Replies to post #558447 on NorthWest Biotherapeutics Inc (NWBO)

[Dr Bala]

The P3 results are great. Thanks so much, HyGro.

[biosectinvestor]

I did not say that the 2018 interim paper said they were revising the SAP. Accusing me of telling a falsehood not in my post is an interesting tactic. But since I did not touch on the subject, all I can say is “There you go again.”

The 2018 paper was an academic interim analysis and just like the JAMA paper it is not particularly about regulatory matters. However they did discuss that it was in fact still blinded, that they were looking at OS not PFS, and they discussed some issues about the trial to some degree.

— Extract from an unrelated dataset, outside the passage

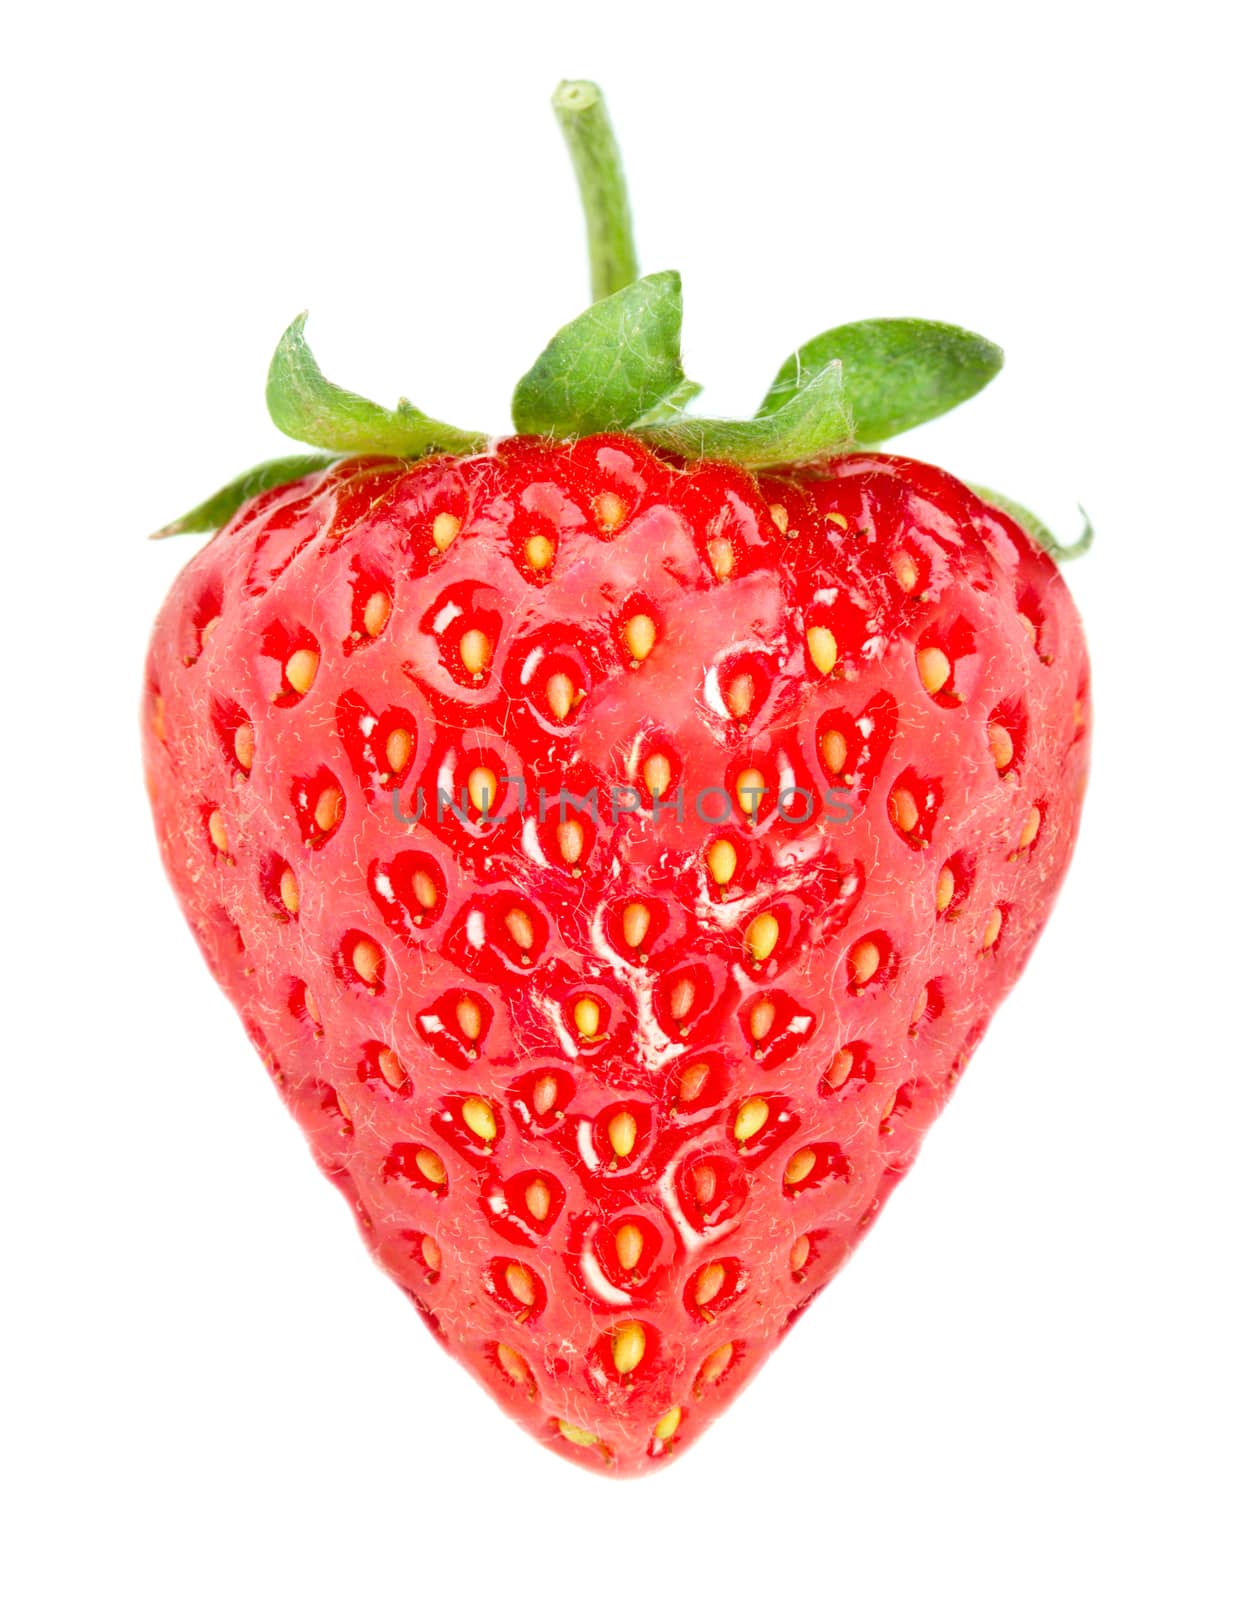 Strawberry by Valengilda

But your assertion that I said otherwise, or that either paper would be the appropriate place to give future plans for the company, is honestly, another absurdity.

The company communicated its plans in other forums, like the annual meeting, referenced obliquely in PR’s and other communications and commented on the FDA proposed plan for loosening external control arm requirements, including officially to the FDA in written form. This was discussed for quite some time long before the end of the trial and a lot of energy on this forum was expended in the question of how long it would take because the company assured us, including at the last ASM before they unlocked, that they would not unlock until it was finalized with all 4 regulatory authorities. And that is exactly what they did. Not after, before. And again, numerous onlbjective third party doctors, and the documentation, as well as assurances from the company have indicated that they did as they said they would. Only people who have dismissed every communication from every source, say otherwise. Such dismissals presume a massive conspiracy that is highly, highly improbable.

From the front page of this forum, annual shareholder meeting notes by IKE from 2019, also addressed in 2020 ASM, but this is clear enough, and you can find the link on the main page:

Question #10: Is there ongoing dialog with the FDA regarding formation of the SAP and will you wait to unblind until after the SAP is approved?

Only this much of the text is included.